The terminology used herein is for the purpose of describing particular embodiments only and is not intended to be limiting. As used herein, the singular forms “a,” “an,” and “the,” are intended to include the plural forms as well, unless the context clearly indicates otherwise. It will be further understood that the terms “comprises,” “comprising,” “includes,” and/or “including,” when used herein, specify the presence of stated features, integers, steps, operations, elements, and/or components, but do not preclude the presence or addition of one or more other features, integers, steps, operations, elements, components, and/or groups thereof.
It should also be noted that in some alternative implementations, the functions/acts noted may occur out of the order noted in the figures. For example, two figures shown in succession may in fact be executed substantially concurrently or may sometimes be executed in the reverse order, depending upon the functionality/acts involved.
Specific details are provided in the preceding description to provide a thorough understanding of example embodiments. However, it will be understood by one of ordinary skill in the art that example embodiments may be practiced without these specific details. For example, systems may be shown in block diagrams so as not to obscure the example embodiments in unnecessary detail. In other instances, well-known processes, structures, and techniques may be shown without unnecessary detail in order to avoid obscuring example embodiments.

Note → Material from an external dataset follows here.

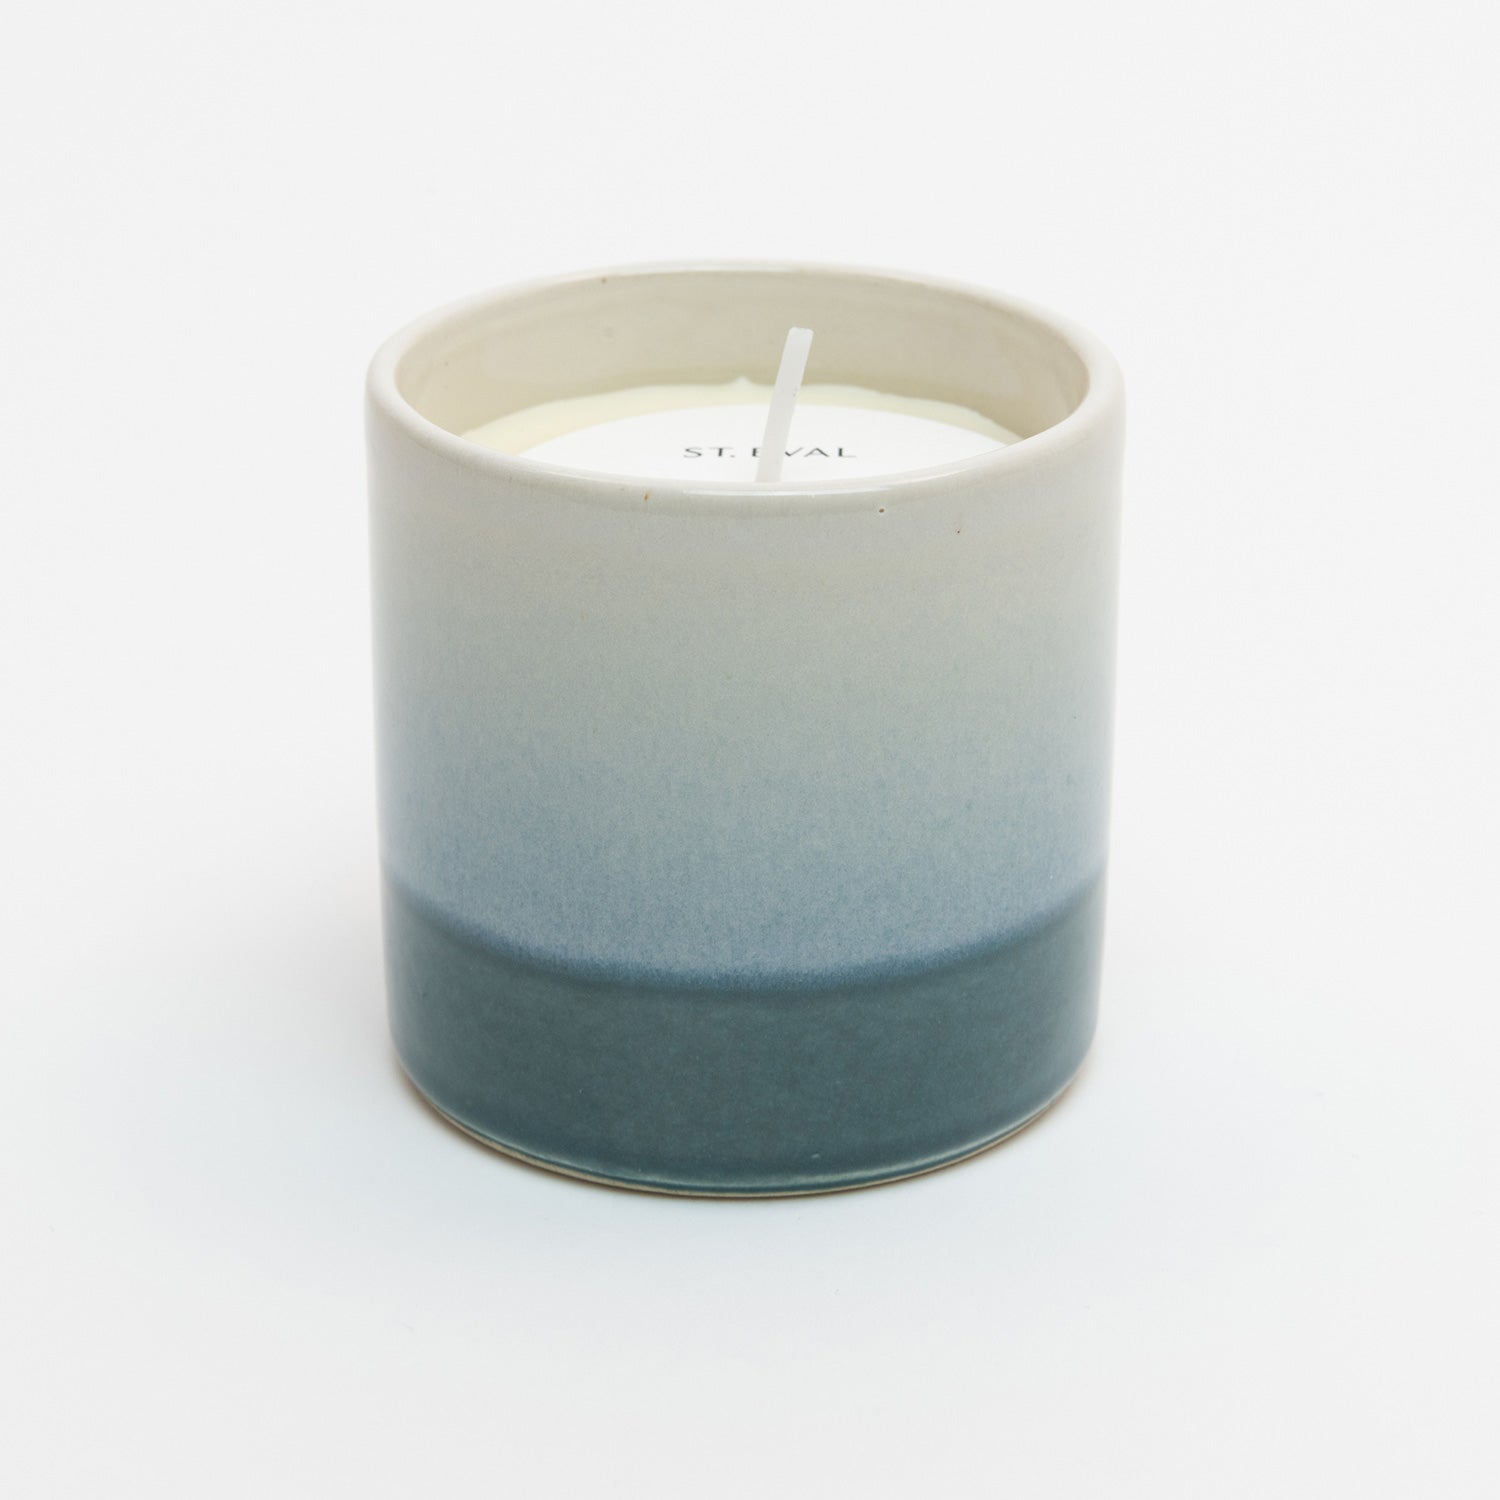 St Eval Sea & Shore Fig candle pot. Stoneware ceramic pot. Cream top fading to teal blue ring at base. St Eval card circle protector on top of candle with wick standing tall.

As discussed herein, illustrative embodiments have been described with reference to acts and symbolic representations of operations (e.g., in the form of flow charts, flow diagrams, data flow diagrams, structure diagrams, block diagrams, etc.) that may be implemented as program modules or functional processes include routines, programs, objects, components, data structures, etc., that perform particular tasks or implement particular abstract data types and may be implemented using existing hardware at, for example, existing user equipment or other network elements and/or hardware. Such existing hardware may be processing or control circuitry such as, but not limited to, one or more processors, one or more Central Processing Units (CPUs), one or more controllers, one or more arithmetic logic units (ALUs), one or more digital signal processors (DSPs), one or more microcomputers, one or more field programmable gate arrays (FPGAs), one or more System-on-Chips (SoCs), one or more programmable logic units (PLUS), one or more microprocessors, one or more Application Specific Integrated Circuits (ASICs), or any other device or devices capable of responding to and executing instructions in a defined manner.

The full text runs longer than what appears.